利下げ観測が強まりドル安となった6月の流れが反転し、7月にはいると各国中銀での利下げも相次ぎ、今週はECBも利下げを示唆。月末のFOMCでは0.25%利下げが確実視されるなかでも、相対的にドルが押し上げられる状態が続きます。

国際決済銀行(BIS:Bank for International Settlements)が発表する実質実効為替レート(インフレ調整済み)では、米ドルは6月平均で117.22(2010年平均を100とした指数)。ユーロ(94.68)や日本円(77.67)と比較するとその差は歴然、米ドルの10年平均(105.33)と比較しても11.3%の割高状態となっています。
ユーロの10年平均乖離率は-1.6%と小幅割安、日本円の10年平均乖離率は-7.9%と大幅割安状態です。

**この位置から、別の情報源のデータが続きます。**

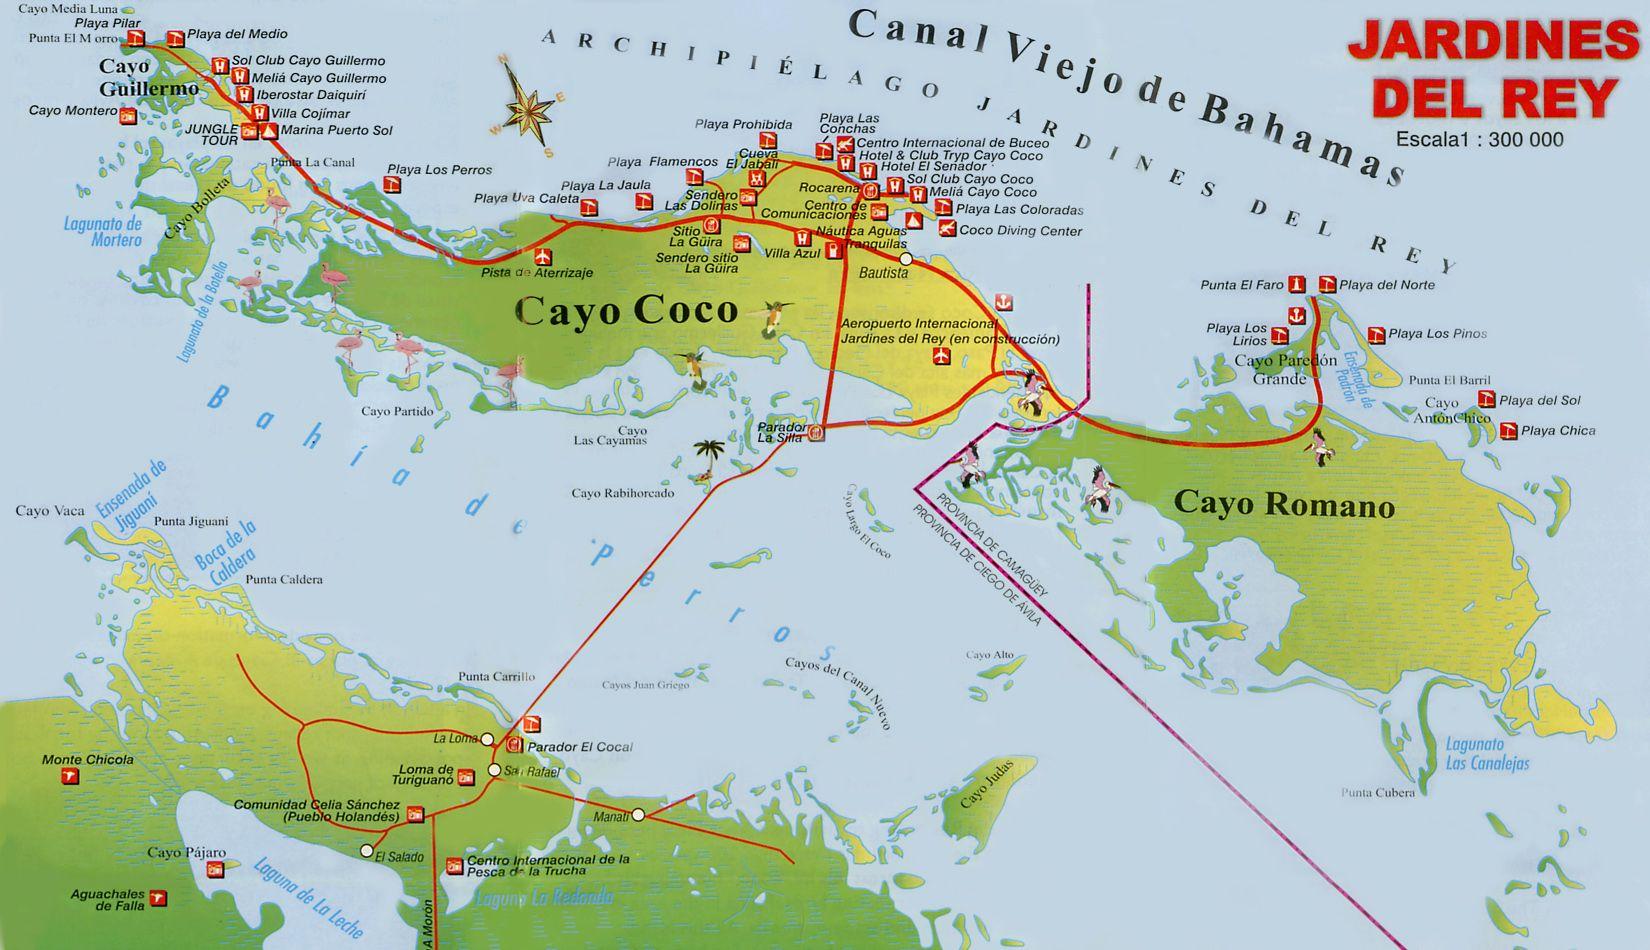 Cayo Coco Cuba Dream Places Good Vibes Pinterest Cayo Coco - Cuba provinces map

IMFが先週公表した年次報告書によれば、米ドルは短期ファンダメンタルズに基づいて6-12%過大評価されていると指摘されていました。なお、ユーロや日本円、人民元についてはファンダメンタルズ的には妥当な水準との見解も。

また、米財務省が5月末に公表した為替報告書では、日本円は実質実効ベースで過去5年にわたって歴史的安値圏で推移している、と指摘していました。

時折「強いドルを」誇る発言をするトランプ米大統領は、事あるごとに中国の為替操作を非難し、ドル高を誘発するFRBの利上げを非難し続け、最近では利下げをしないことへのトーンを強め、先月にはドラギECB総裁の追加利下げ示唆発言に対して「不当な通貨安誘導」と横やりを入れる始末。
過去には「強いドルは米国に不利」と、あからさまな口先介入によるドル安誘導に出ることもありました。

客観的なデータからは、多少のドル高修正が入ってもおかしくない状況ながら、現実には他通貨との相対的な関係などから簡単にそうはならない状況に、トランプ大統領の苛立ちも募る状況かもしれません。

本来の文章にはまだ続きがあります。